From the first line to the last, copy the listing exactly and omit the images.

### Supplied material

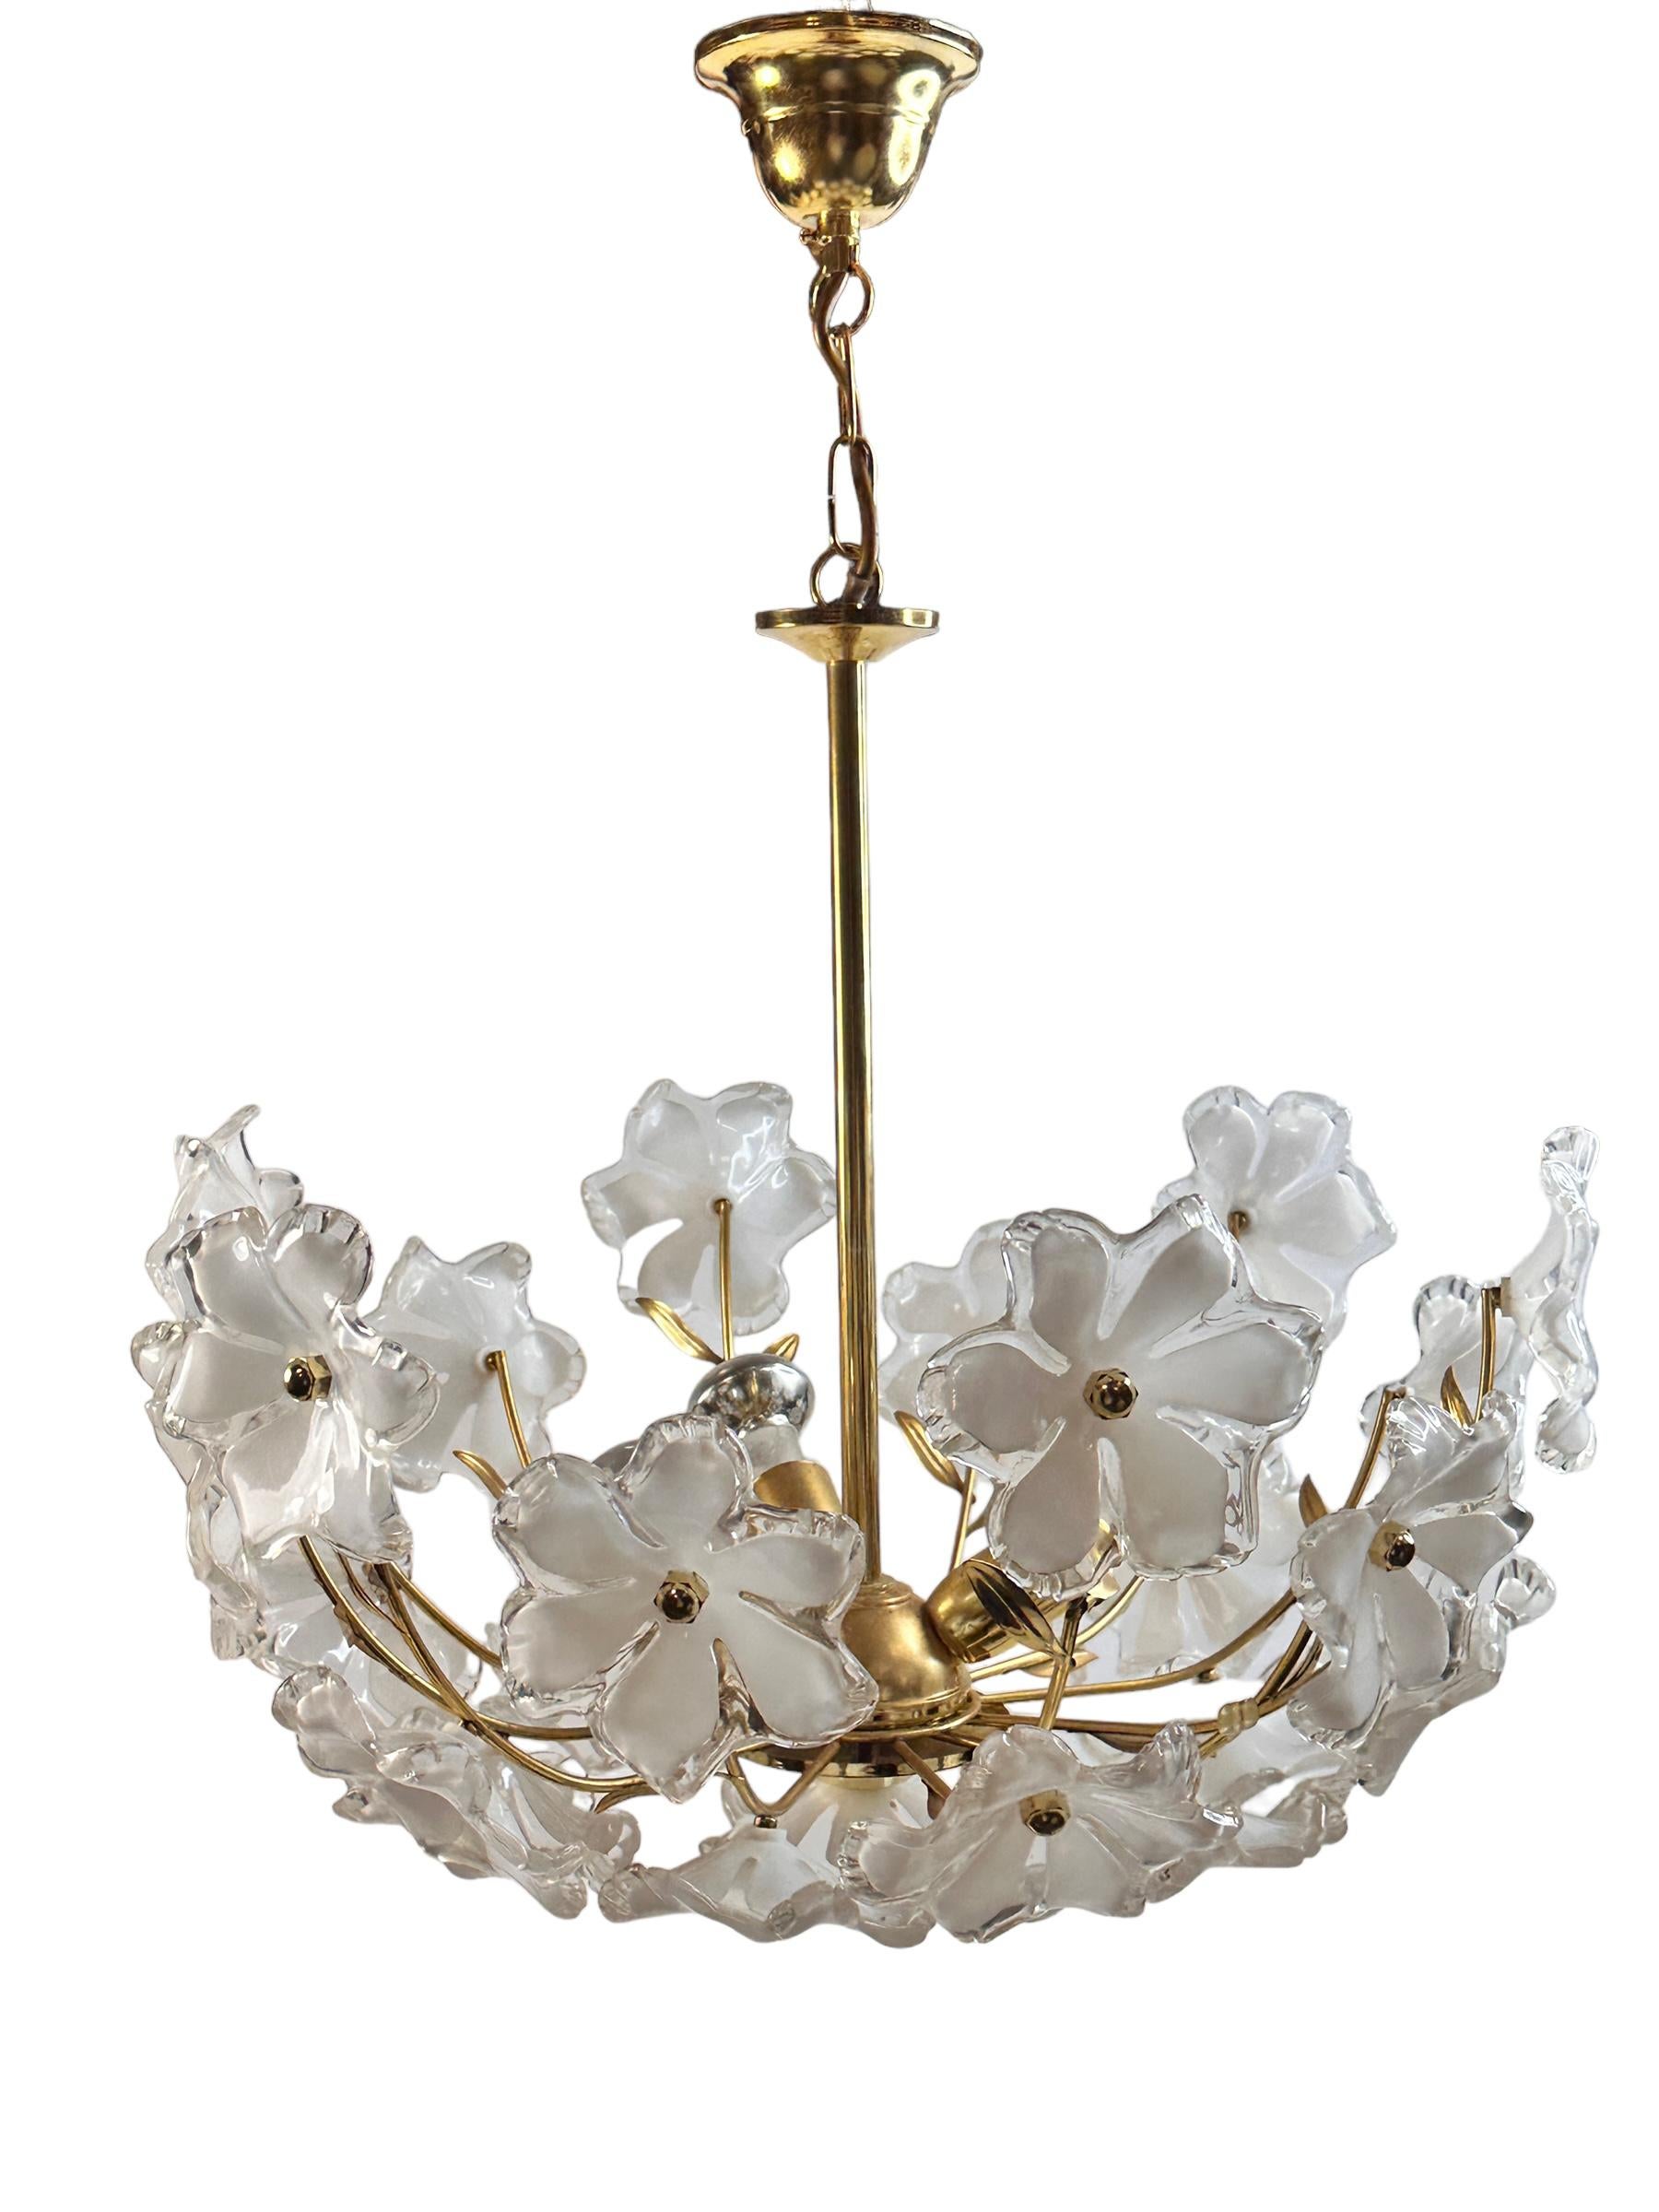 A beautiful ceiling light, made in Austria in the 1970s. Some beautiful lucite flowers. The Fixture requires three European E14 / 110 Volt Candelabra bulbs, each bulb up to 40 watts. A nice addition to every room. Found at an Estate sale in
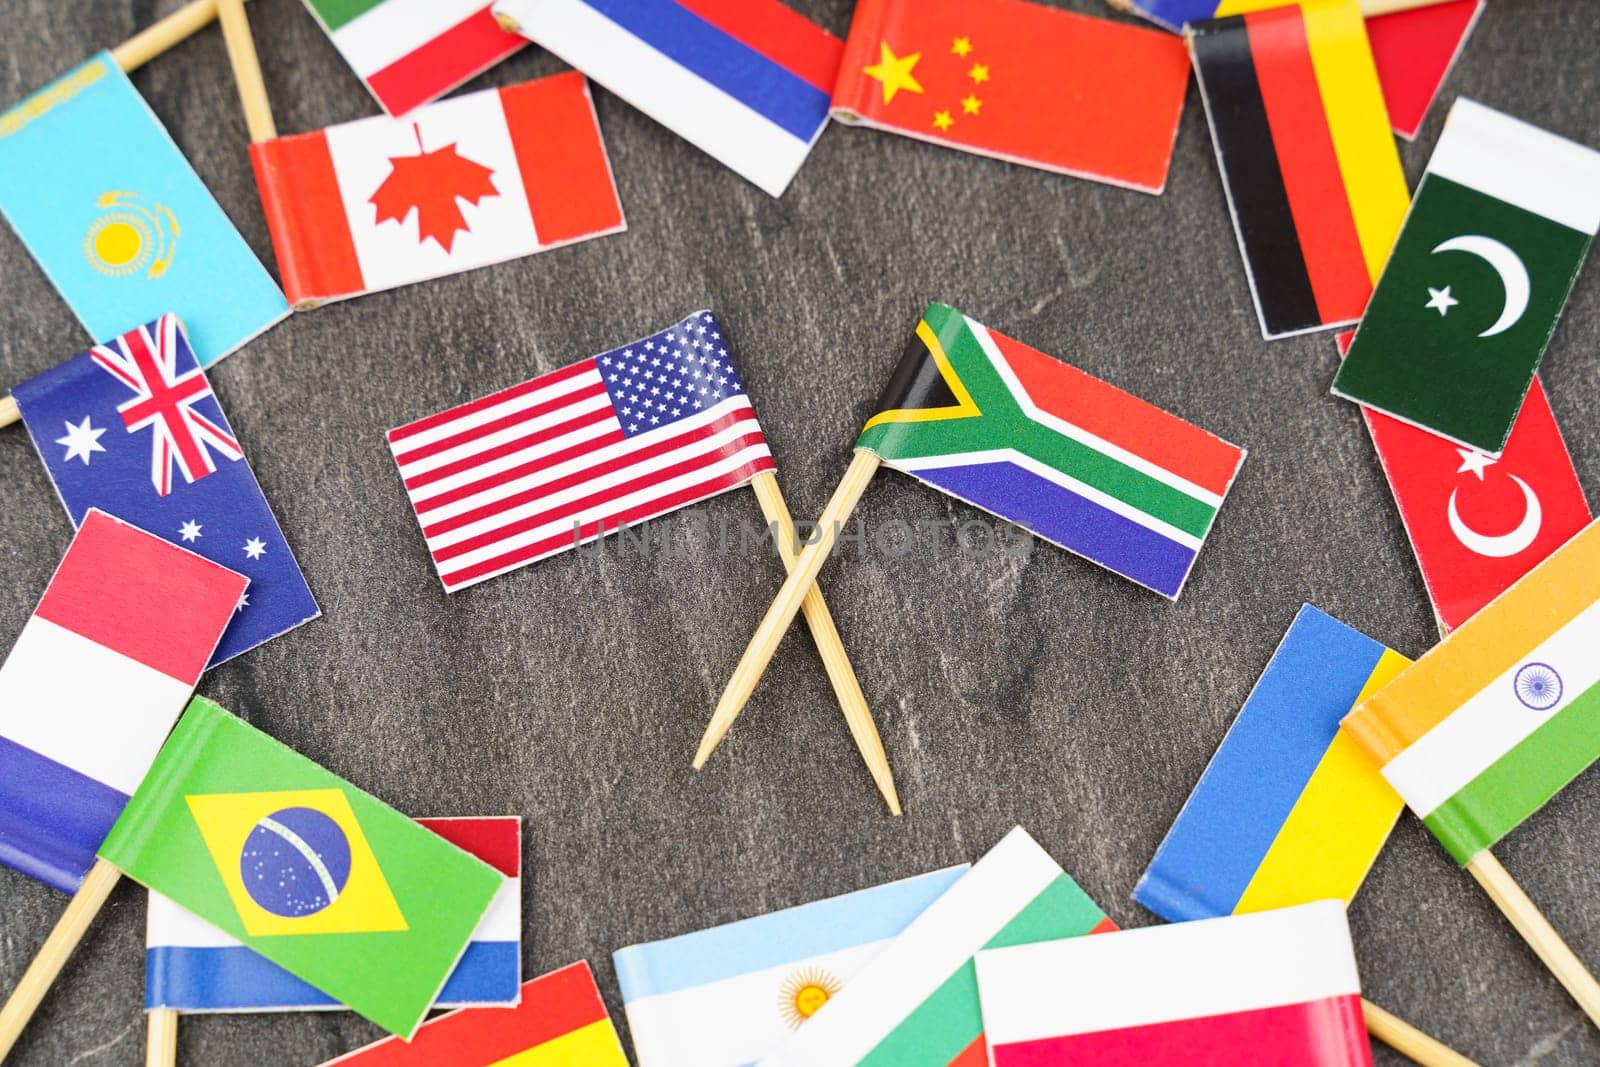 Policy. National flags of different countries. The concept is diplomacy. In the middle among the various flags are two flags - USA, South Africa
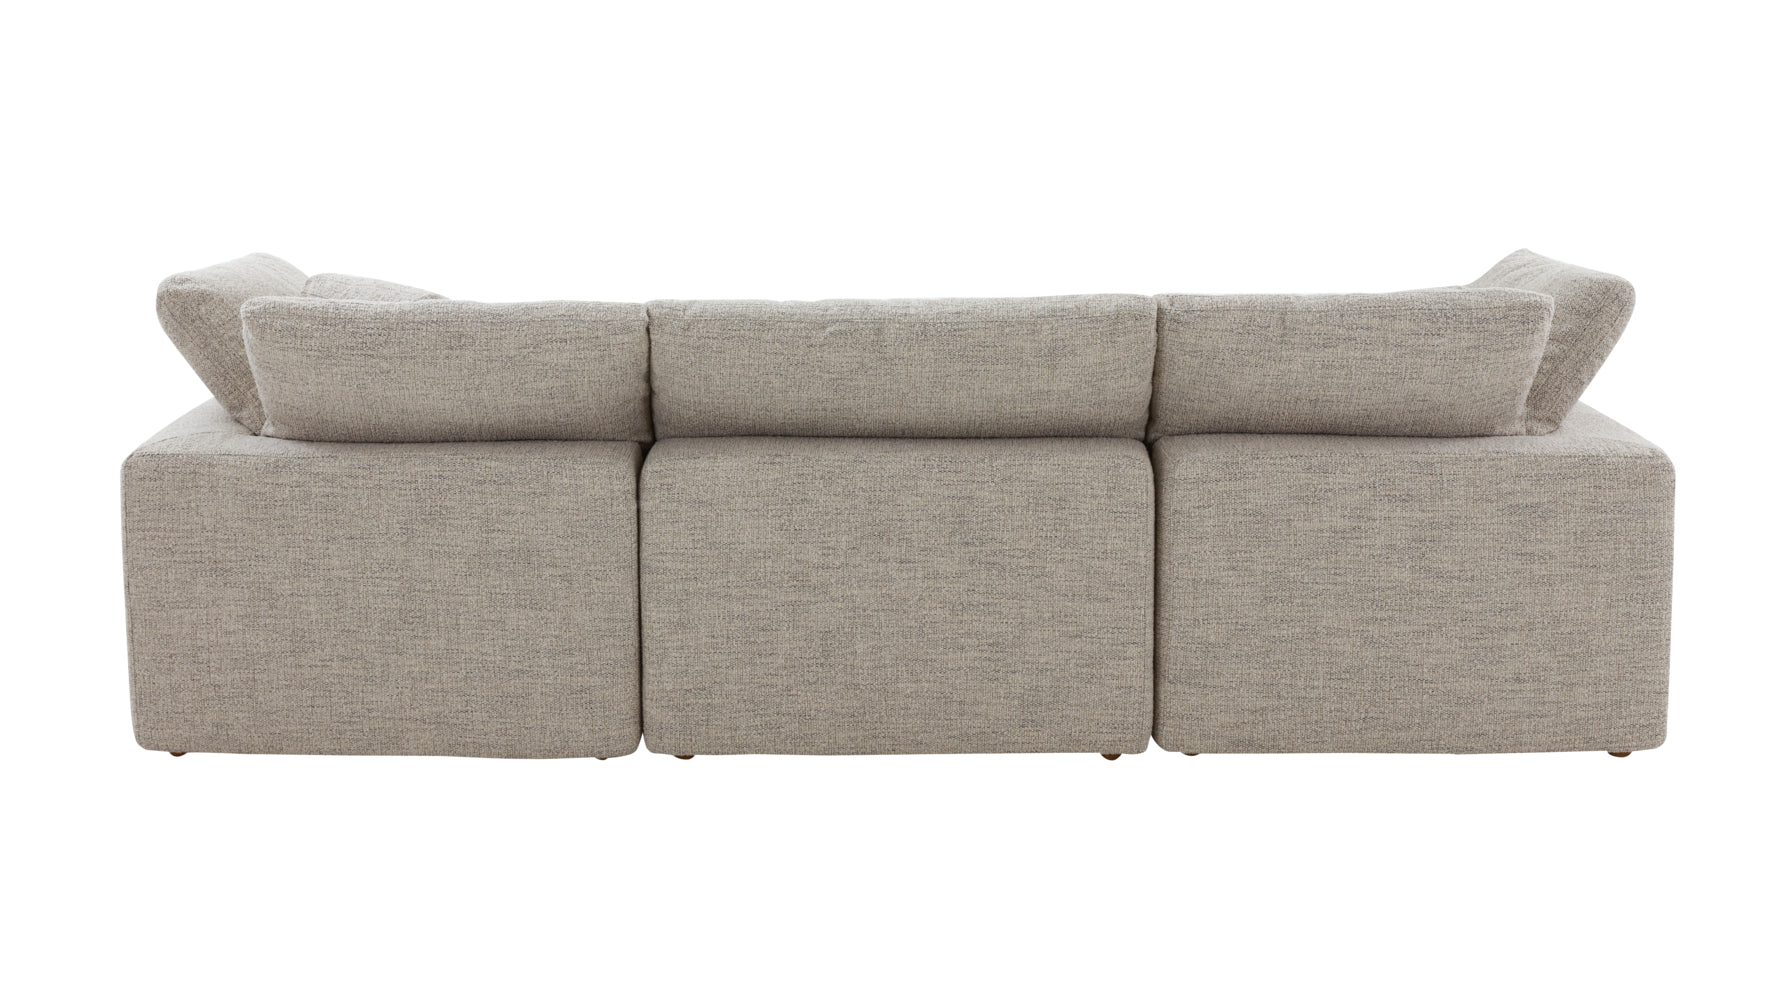 Movie Night™ 4-Piece Modular Sectional Closed, Standard, Oatmeal - Image 8

######

## [Result of the task]
 A beautiful ceiling light, made in Austria in the 1970s. Some beautiful lucite flowers. The Fixture requires three European E14 / 110 Volt Candelabra bulbs, each bulb up to 40 watts. A nice addition to every room. Found at an Estate sale in
 Policy. National flags of different countries. The concept is diplomacy. In the middle among the various flags are two flags - USA, South Africa
 Movie Night™ 4-Piece Modular Sectional Closed, Standard, Oatmeal - Image 8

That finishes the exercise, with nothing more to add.